Johaug, Weng and Teammates’ Physiology, Training Described in New Paper

Chelsea LittleMay 23, 2016
What makes the Norwegian women so dominant? The top six women from the 2014-2015 World Cup were put through their paces on a ski treadmill, and their physiology - as well as their year-round training - was described in a new paper. That includes Ski Tour Canada winner Therese Johaug (c), runner-up Heidi Weng (l), and third-place and Ingvild Flugstad Østberg (r).  (Photo: Madshus/NordicFocus)
What makes the Norwegian women so dominant? The top six women from the 2014-2015 World Cup were put through their paces on a ski treadmill, and their physiology – as well as their year-round training – was described in a new paper. That includes Ski Tour Canada winner Therese Johaug (c), runner-up Heidi Weng (l), and third-place and Ingvild Flugstad Østberg (r). (Photo: Madshus/NordicFocus)

What truly separates the best skiers in the world from the rest of the pack? A team of Norwegian physiologists set out to answer that question, taking advantage of the fact that in the last few years all of the best women on the World Cup have come from Norway.

Dr. Øyvind Sandbakk’s lab at the Norwegian University of Science and Technology gathered top six women from the 2014-2015 season – Marit Bjørgen, Therese Johaug, Heidi Weng, Ingvild Flugstad Østberg, Ragnhild Haga, and Maiken Caspersen Falla – and compared their physiology to that of six national-level competitors. The results are being published in the journal Medicine and Science in Sports and Exercise.

The national-level women had average FIS points of around 72, similar to top-20 distance skiers or top-six sprinters among the U.S. women; two of them had achieved top-15’s on the World Cup that season. Women in both groups were mostly in their mid-20’s with Body Mass Indices around 22, although the World Cup women were shorter and lighter while achieving the same ratio.

After submaximal and max-effort rollerski treadmill tests – completed just before the beginning of the 2015-2016 season – the researchers compared the women’s numbers.

In the submaximal tests, where the treadmill was set to 3 meters per second at a gradual incline for double-poling and 2.25 meters per second on a steep incline for diagonal striding, the World Cup stars were operating at a much lower capacity than the national-level women: 74 compared to 85 percent of their maximal heart rates while double-poling, or 84 compared to 94 percent while striding.

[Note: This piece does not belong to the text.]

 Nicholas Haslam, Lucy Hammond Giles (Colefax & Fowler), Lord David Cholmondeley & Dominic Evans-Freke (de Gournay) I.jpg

The paper also included a specific description of Marit Bjørgen, noting that she had trained 980 hours the previous year: "Although her V˙ O2peak values normalized to body mass were not outstanding, the combination of high absolute V˙ O2peak, skiing efficiency, and ~O2 deficit values allowed her to be one of the best WC skiers during the 3-min test with either technique." (Photo: Fischer/Nordic Focus)
The paper also included a specific description of Marit Bjørgen, the most successful female winter Olympian of all time, noting that she had trained 980 hours the previous year: “Although her VO2peak values normalized to body mass were not outstanding, the combination of high absolute VO2peak, skiing efficiency, and O2 deficit values allowed her to be one of the best WC skiers during the 3-min test with either technique.” (Photo: Fischer/Nordic Focus)

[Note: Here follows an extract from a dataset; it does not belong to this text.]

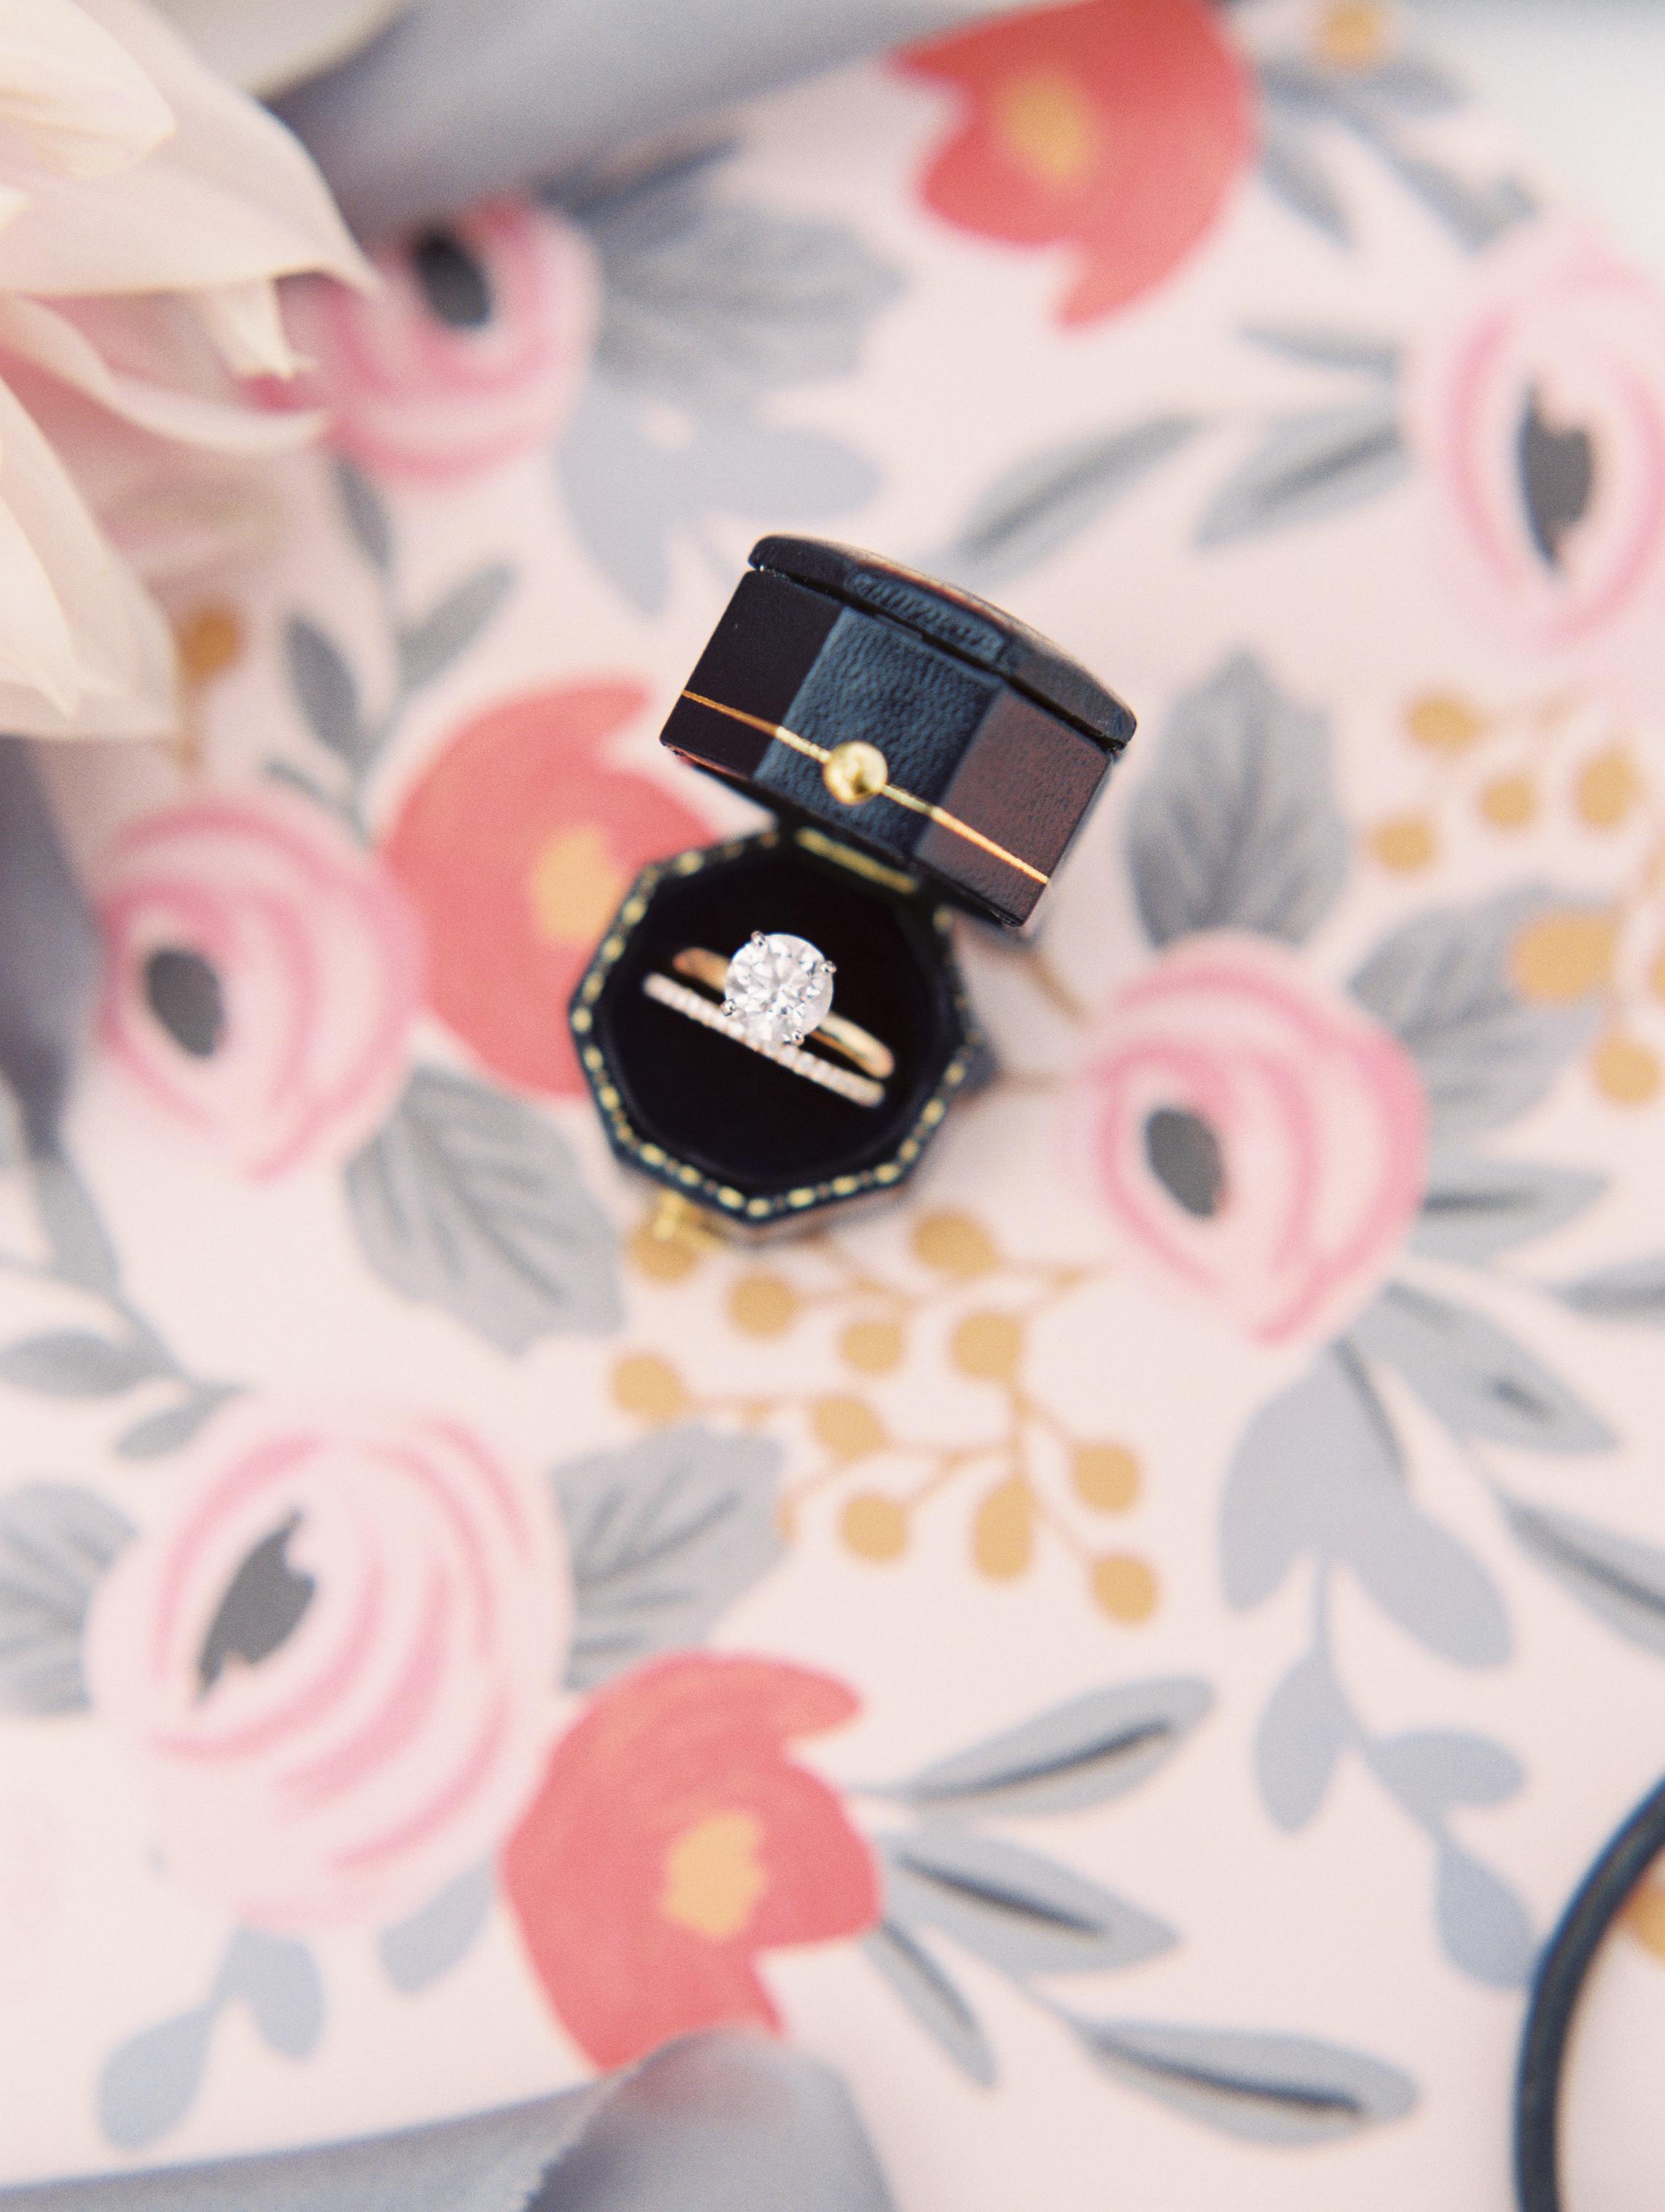 Zoller+Wedding+Details-4.jpg

“The submaximal stages with either technique were less demanding for our WC skiers, even though the oxygen cost and skiing efficiency did not differ and the group differences in submaximal cycle characteristics were minor,” the authors wrote. “These findings are in contrast to previous observations on submaximal skiing, where the efficiency with which metabolic energy is transformed into work rate and speed together with cycle length differ between skiers of different levels of performance.”

The World Cup regulars also had lower blood lactate levels, and in diagonal striding took longer striding cycles, covering on average a quarter of a meter more per stride.

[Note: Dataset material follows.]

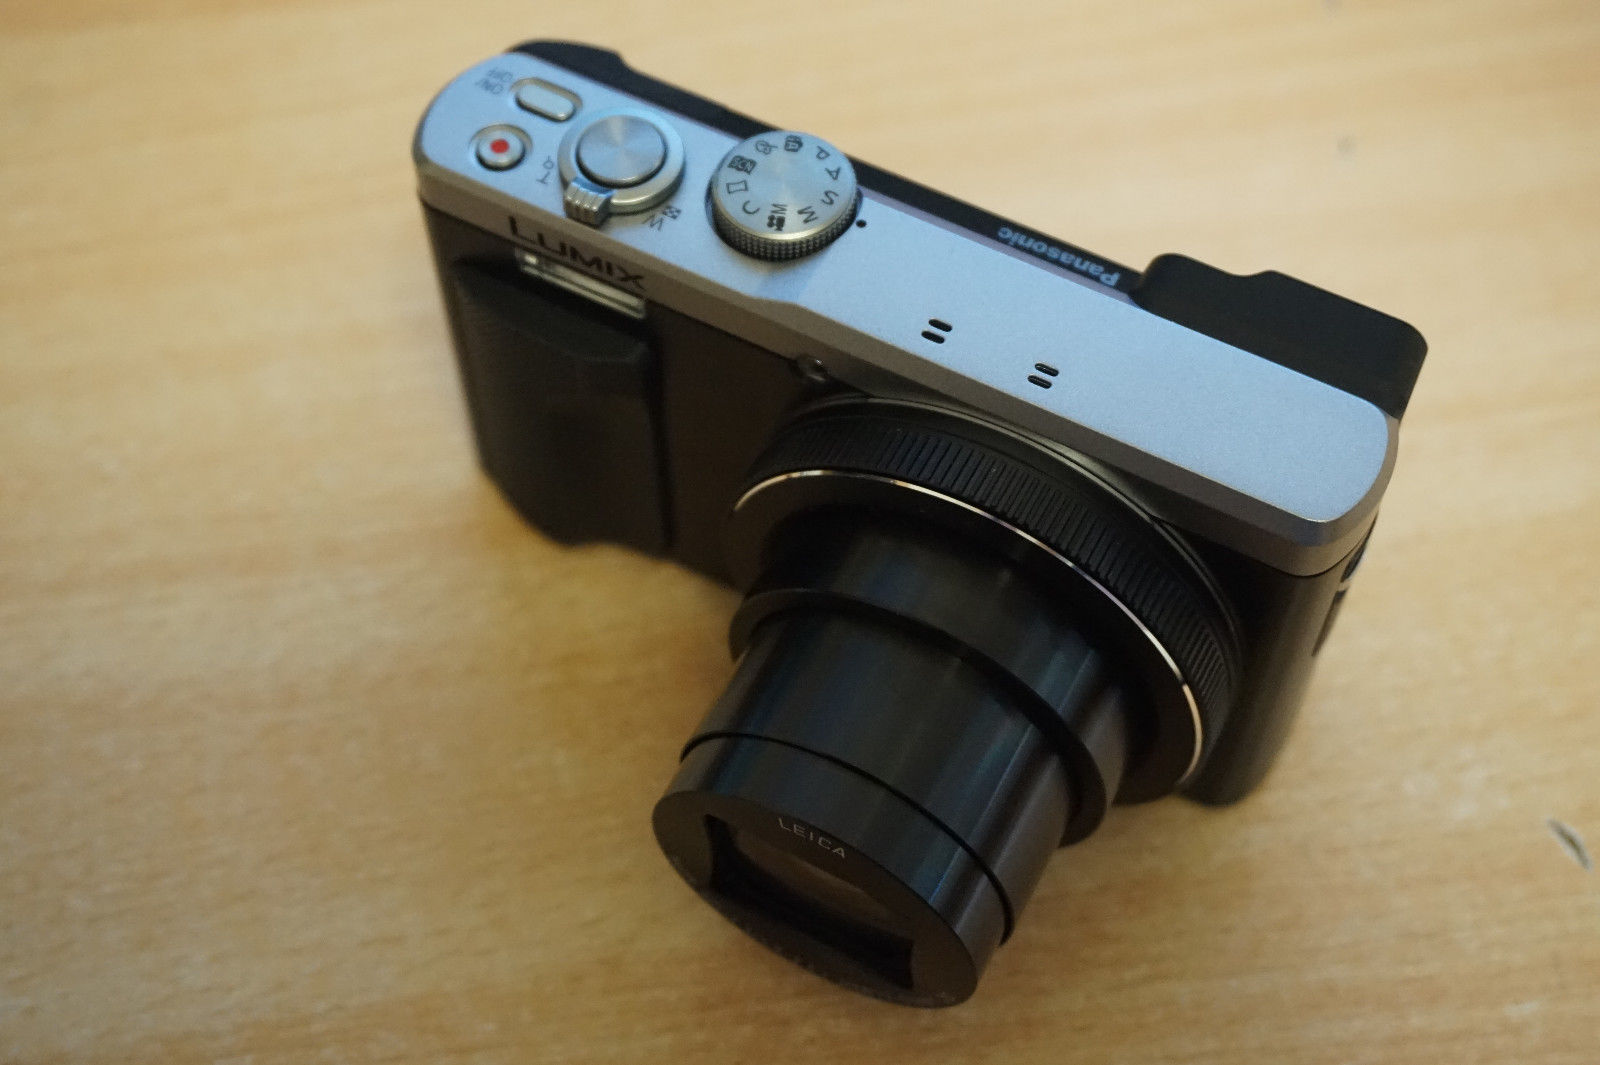 Panasonic Lumix DMC-TZ81 schwarz Kompaktkamera 30x Zoom Touchscreen 4k Wifi Vide

In the maximimal tests, it was apparent which athletes belonged to which group as the World Cup top-six covered both more distance (by a margin of six to seven percent) and hit significantly higher speeds during 3-minute timed tests.

In double-poling, this was because about a minute into the maximal tests the speed of the national-group skiers began to decline. The World Cup women were able to maintain their speed for about a minute longer before a drop at the end of the test. They did so by keeping significantly higher cycle rates (i.e., tempo) than the national-group skiers through the final two minutes of the test.

“In the case of [striding], neither cycle rate nor length differed significantly between the two groups, indicating that our WC skiers combine these two factors more effectively than NC skiers to achieve higher speed,” the authors noted.

The World Cup skiers also showed higher VO2Peak: 65 mL min-1 kg-1 compared to 58.8 for the national-level women while double-poling, and 70.9 compared to 65.0 while striding. Measurements of 75 and 71 mL min-1 kg-1 by World Cup skiers were believed to be the highest ever recorded by female skiers in a ski-specific exercise (as opposed to running on a treadmill, for example).

What gave rise to the differences? Any inherent differences between the athletes were compounded by differences in training. According to training diaries, the top six women reported training on average 532 hours between May and October; for the national-level skiers, that number was 411 hours. When training time during the competition season (November to April) was added in, the totals raised to 920 hours for the World Cup skiers compared to 709 for the national level skiers.

Therese Johaug leading Heidi Weng in the Ski Tour Canada. (Photo: Peggy Hung)
Therese Johaug leading Heidi Weng in the Ski Tour Canada. (Photo: Peggy Hung)

Modes of training also differed. The World Cup elite did about 26% more low-intensity endurance training than their national-level counterparts, and more mid-level and speed training but less high-intensity endurance training. The World Cup skiers also did more strength training, and their training was a stable 80-95 hours from June to October while the national-level skiers gradually increased in hours over the course of the off-season.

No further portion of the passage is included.